GoogleCloudPlatform / flink-on-k8s-operator

[DEPRECATED] Kubernetes operator for managing the lifecycle of Apache Flink and Beam applications.
Apache License 2.0
658 stars 266 forks source link

Improve submitting/tracking job and fix job recovery bug #372

Closed elanv closed 3 years ago

elanv commented 3 years ago

This PR improves submitting/tracking job and fixes job recovery bugs. I made this PR for now because there are some changes and contents to discuss. (It still works even though there are some minor works.)

Changes

Discussion

About pyFlink support: REST API does not support python job submission at this time. There is a related PR in upstream, but it seems no further progress (https://github.com/apache/flink/pull/8532#issuecomment-730962739). If we need to support pyFlink now, we need to change the job submitter to use flink CLI, which requires a change in implementation because Flink CLI does not allow specifying the ID of the job to submit. (In this case, we could make the job submitter with two containers like submitter containers and result containers - result container writes the job ID to output log and the operator reads it.)

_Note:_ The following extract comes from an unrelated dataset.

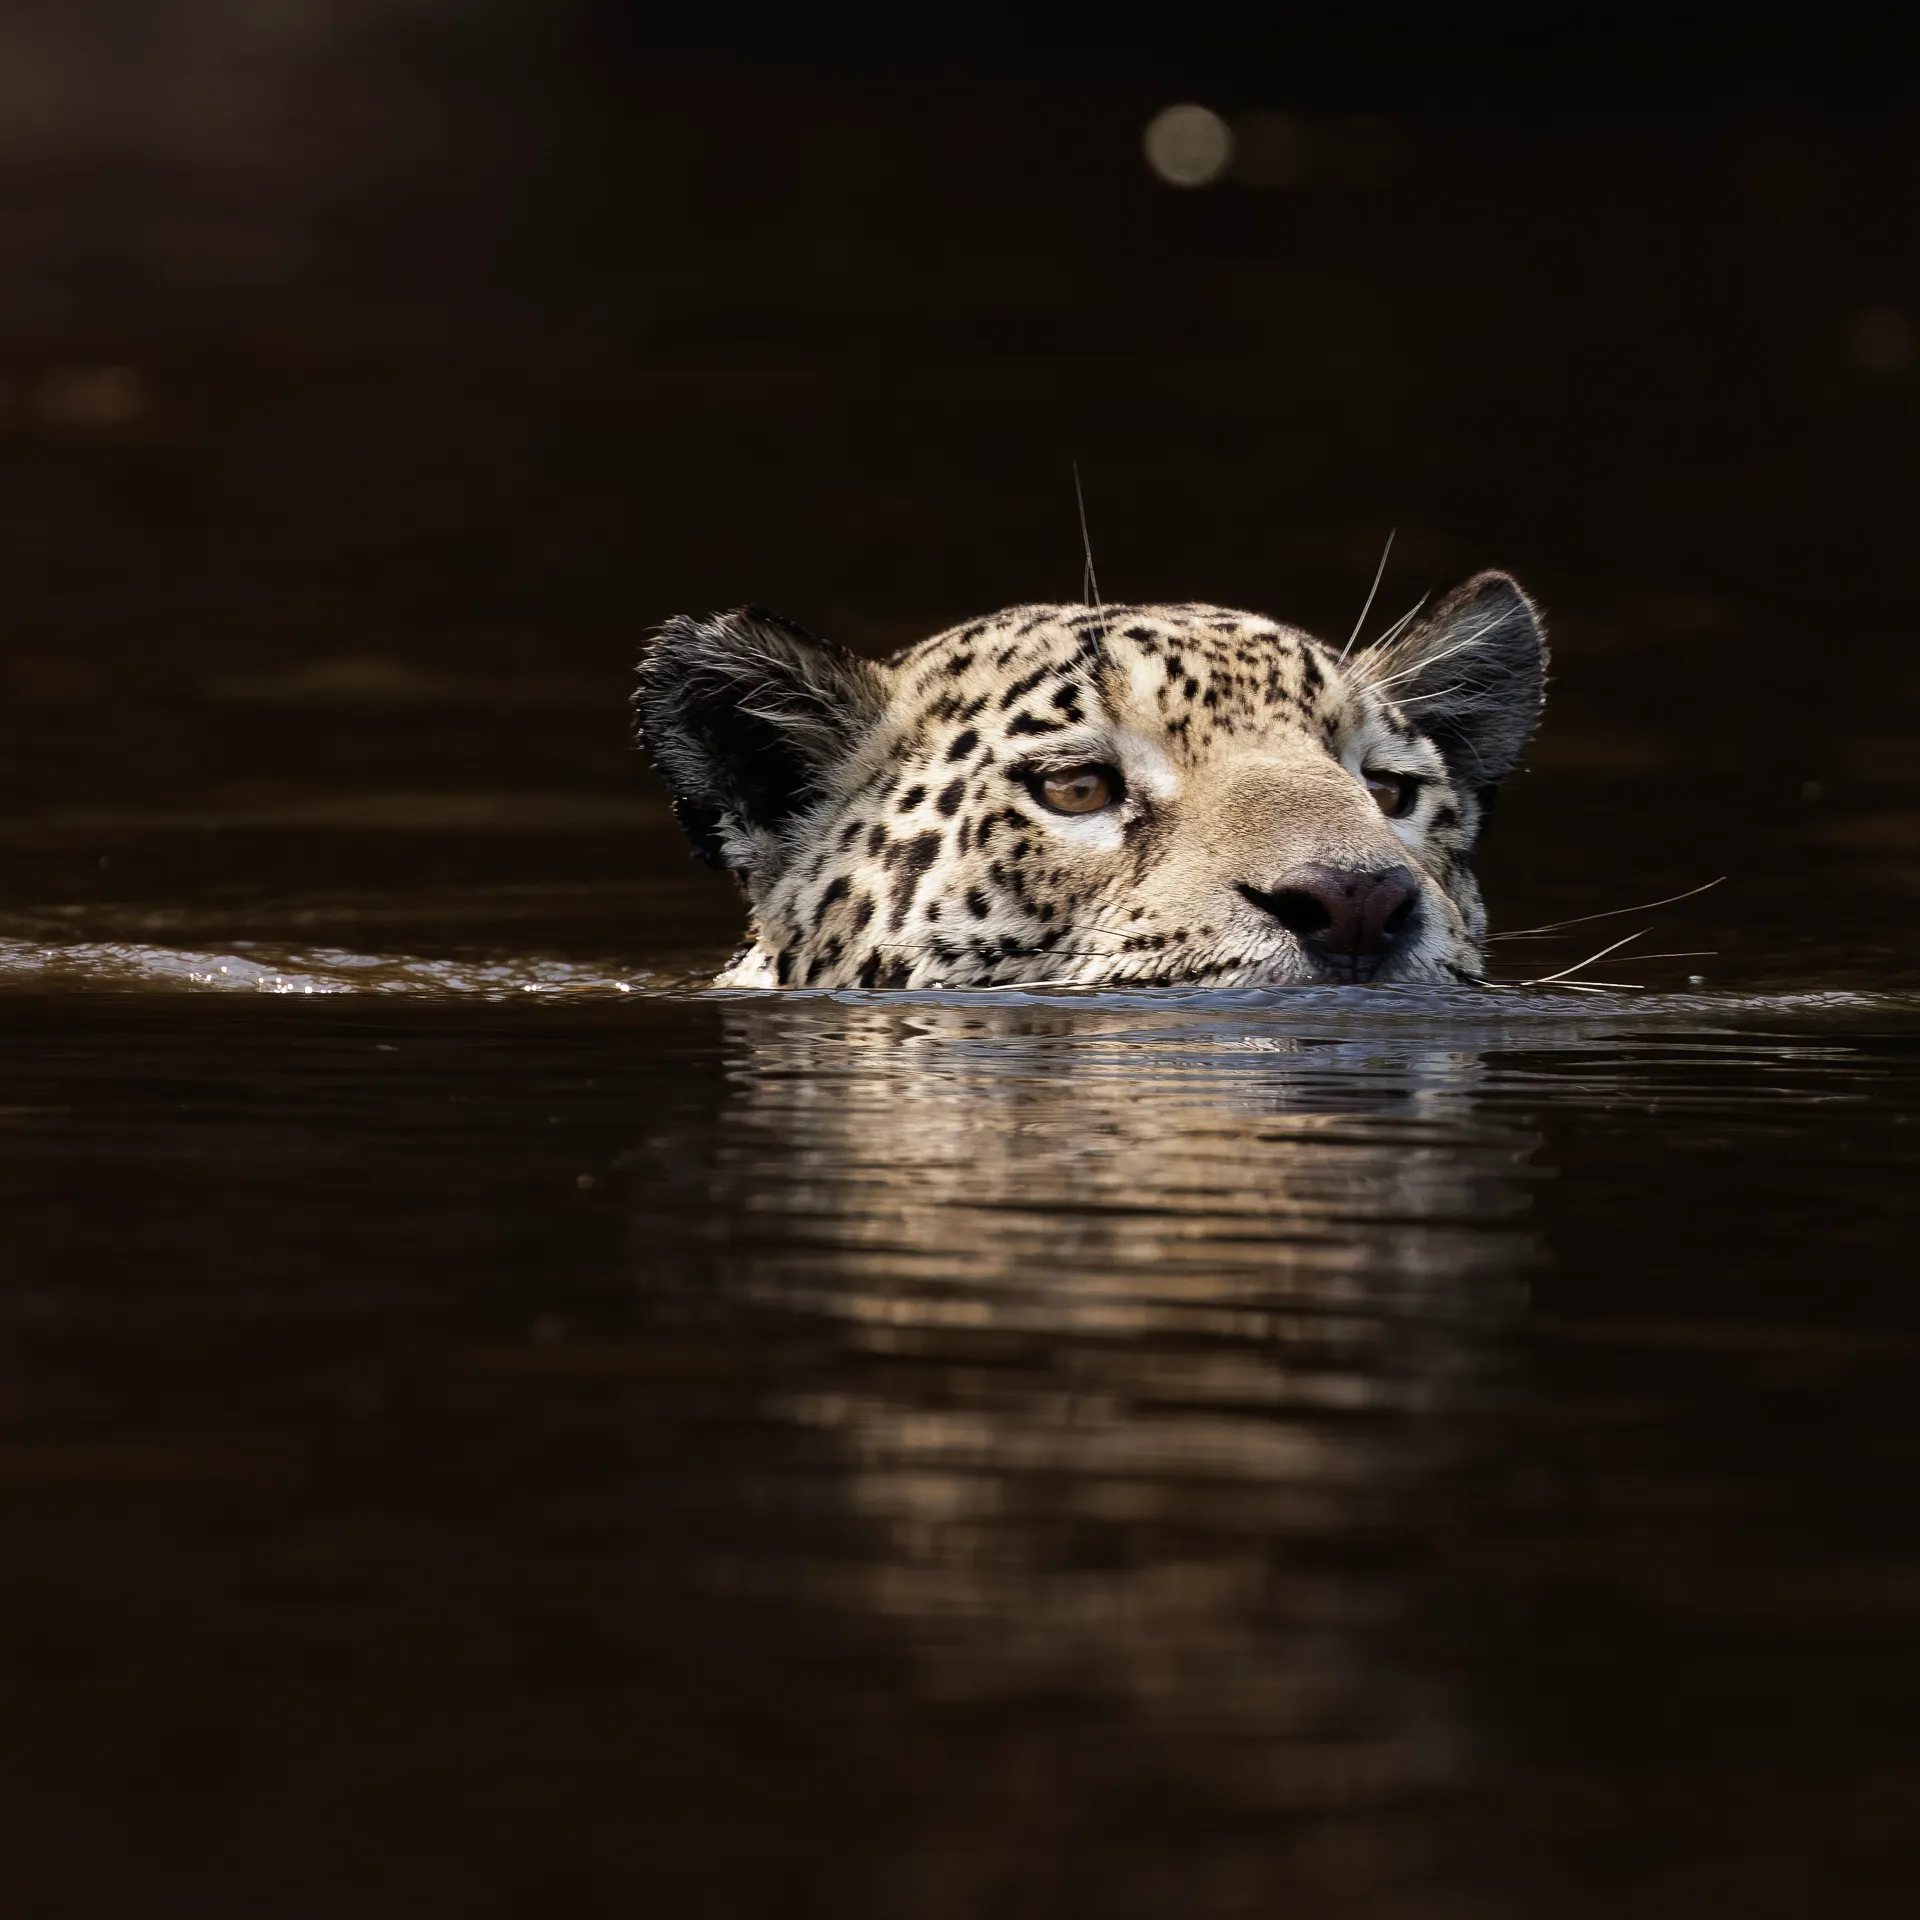 Jaguar swimming in dark water | Pantanal | Brazil

elanv commented 3 years ago

I thought about it more, but it would be nice to implement it by using CLI and getting the ID via the pod log. It is better to apply the REST API method later. What do you think? @functicons

functicons commented 3 years ago

Thanks for the PR! I will need a few days before getting back to you.

functicons commented 3 years ago

it would be nice to implement it by using CLI and getting the ID via the pod log. It is better to apply the REST API method later.

@elanv what's the reason behind it? I feel getting ID from the pod log is unreliable.

For PyFlink, we don't have to support it now, but it would be nice if the upstream Flink CLI could be improved to accept client specified ID. I guess the implementation should be easy. That way Flink CLI could be used for both. Or we could wait for https://github.com/apache/flink/pull/8532#issuecomment-730962739 to be resolved before adding PyFlink support.

elanv commented 3 years ago

It's not now, but I've found out because I need to support pyFlink later and it was mentioned in another issue. (Anyway, I found it's better to use the container termination message recorded in the Pod resource instead of requesting log to running Pod.)

If we can wait for support from upstream, I would like to finish the remaining work of this PR and ask you to review again.

functicons commented 3 years ago

Seems the problem for now is about whether PyFlink support is a priority, I don't have a preference, but if you think it is important, then it is okay to first use CLI and getting the ID via the pod log.

elanv commented 3 years ago

Replaced with #379